Read The Billionaire's Triplets (A Steamy Contemporary Romance Novel) Online
Authors: Mia Caldwell
Once again she came home to the strange and wonderful sight of Julio with his children. He beamed as he fed the children dinner, helped bathe them, and then tucked them into bed.
The boys seemed to respond well to him, and settled right down. “You have kid magic,” she told him when they left the children sleeping and returned to the living room.
“I’ve been around babies enough to admit that this was beginner’s luck. Don’t expect a consistent result from me.”
“You love them.”
“You sound surprised. Did you think I was a baby hater?”
“I thought you were a jet-setting billionaire.”
“They aren’t supposed to be mutually exclusive. That’s not the way my contract reads.”
“Speaking of contracts, a problem came up today. It’s a big one.”

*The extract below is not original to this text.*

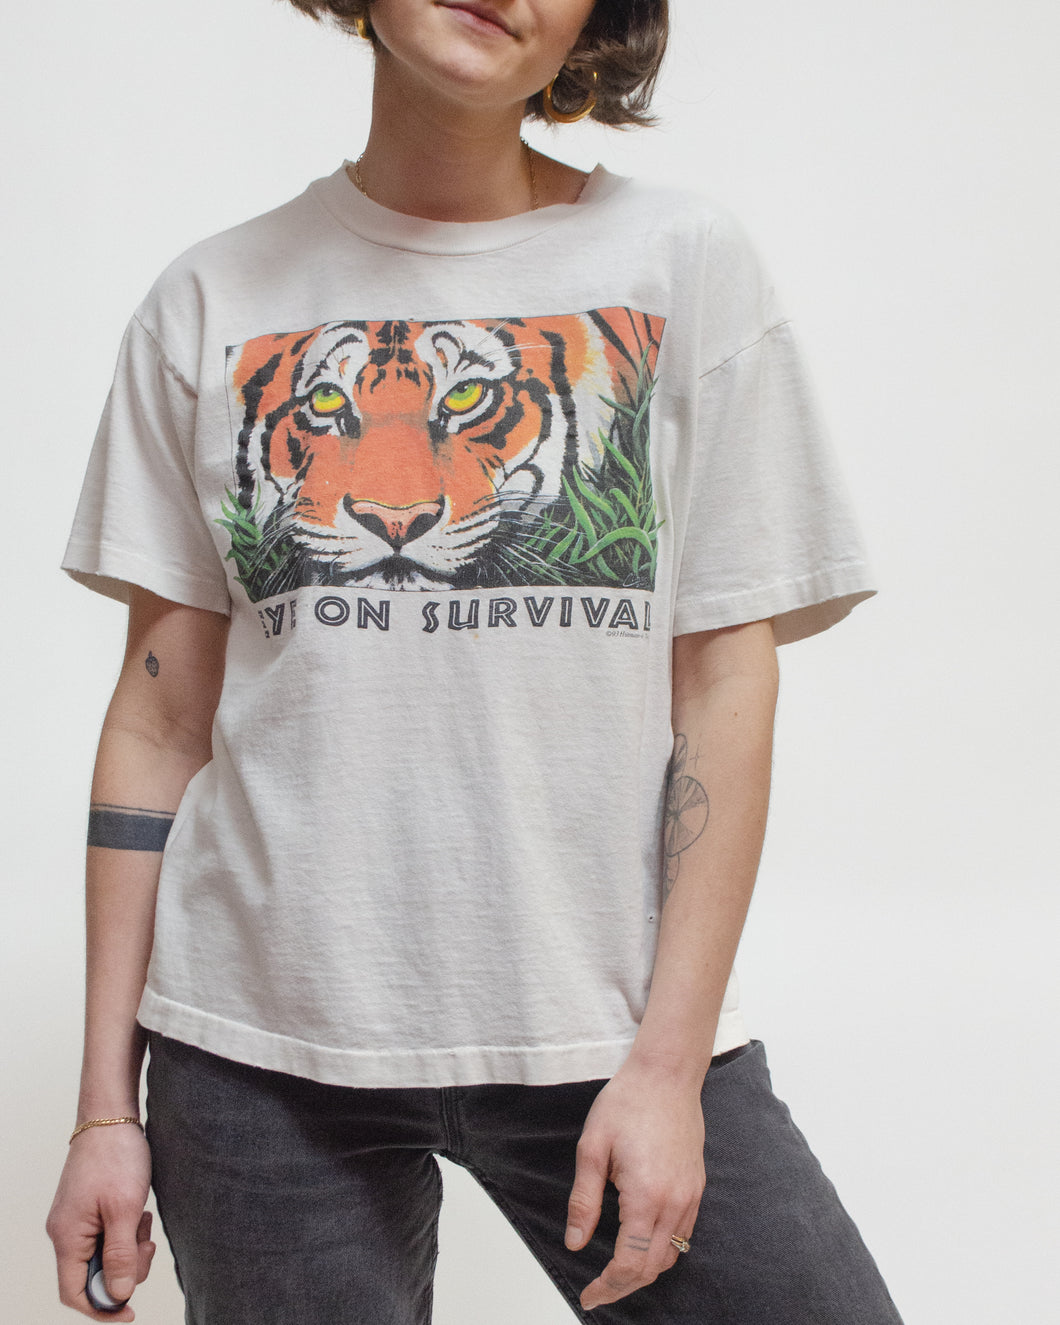 Eye on survival ‘93 t-shirt
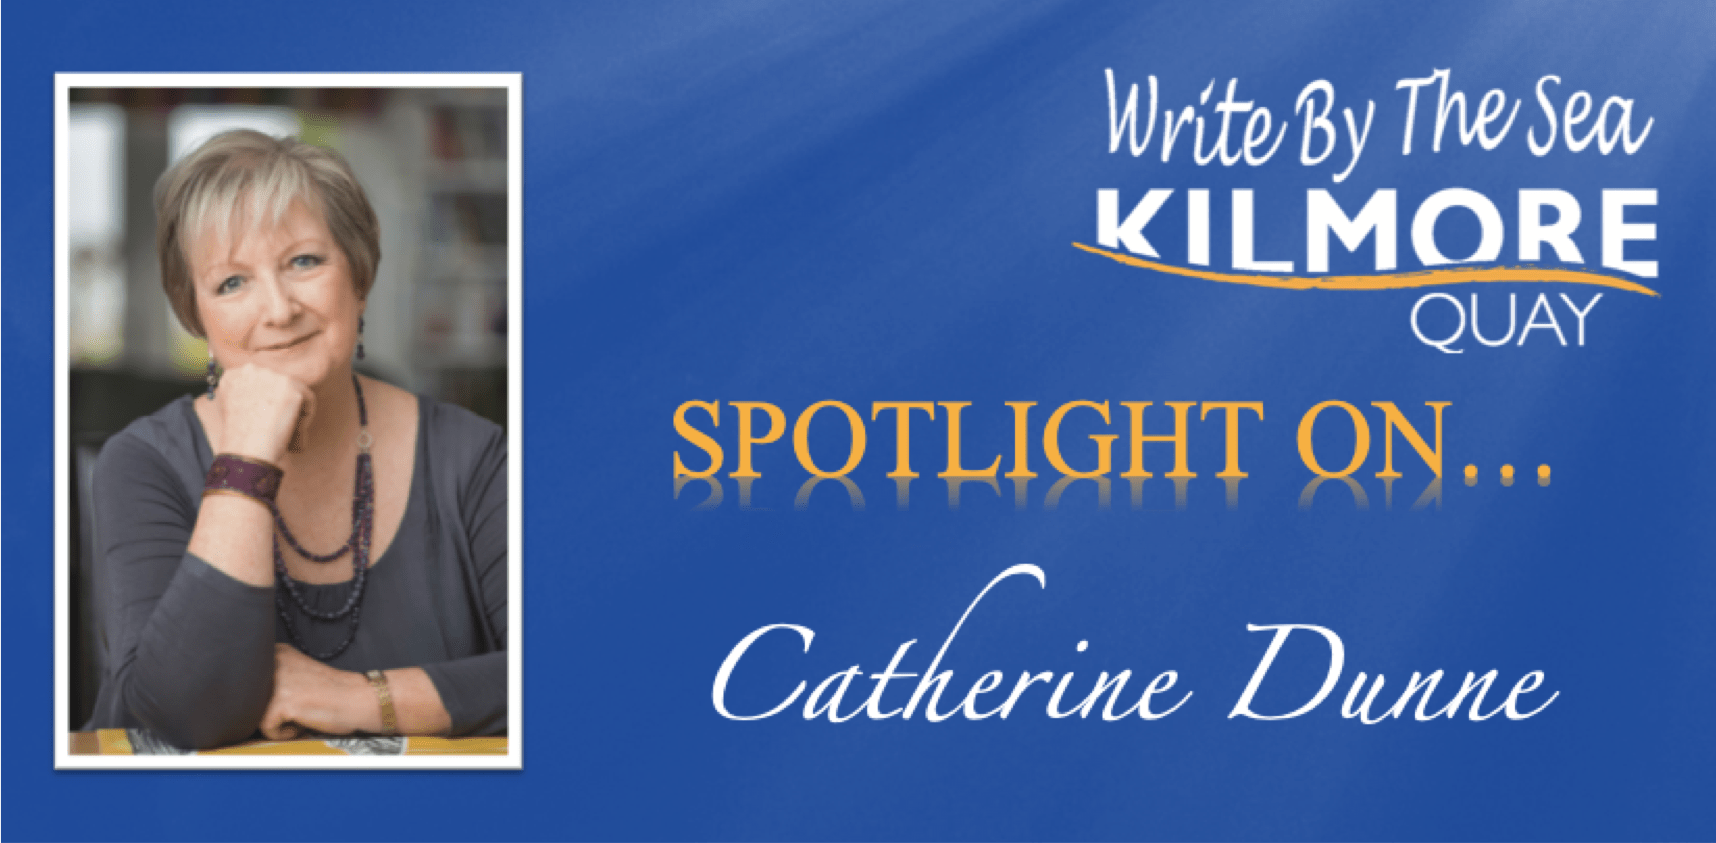 Spotlight on Catherine Dunne

“I’m good with problems. And I’m exploring a new strategy where I wrap them in dirty diapers and toss them out.”
“That doesn’t sound environmentally friendly.”
“Perhaps not. Well, great ideas often need refinement.” He put the baby monitor on the table and sat on the couch. “So pour me a drink and tell me the contract woes.”
“Tom Acker showed up in my office waving one in my face that has Tina’s signature on it. It’s dated prior to the birth of the triplets, and supposedly gives him exclusive rights to my services on the Milan bid.” He nodded. She was certain he understood the ramifications, but spelled them out anyway with him listening carefully.
“So it’s one of those ‘if you won’t work for me, you won’t work’ deals?”
“For the Milan project, at least.”
“And you aren’t sure it’s real?”
“I think it might have been back-dated. Tina was reporting to me while I was in the hospital, and something was definitely up. But her angle was to take my business. She knew I’d catch onto her game sooner or later, so she was stringing things out in talking with Acker, wanting to be able to get the business for herself. No way would she want to sign a contract with him, not even one this bad.”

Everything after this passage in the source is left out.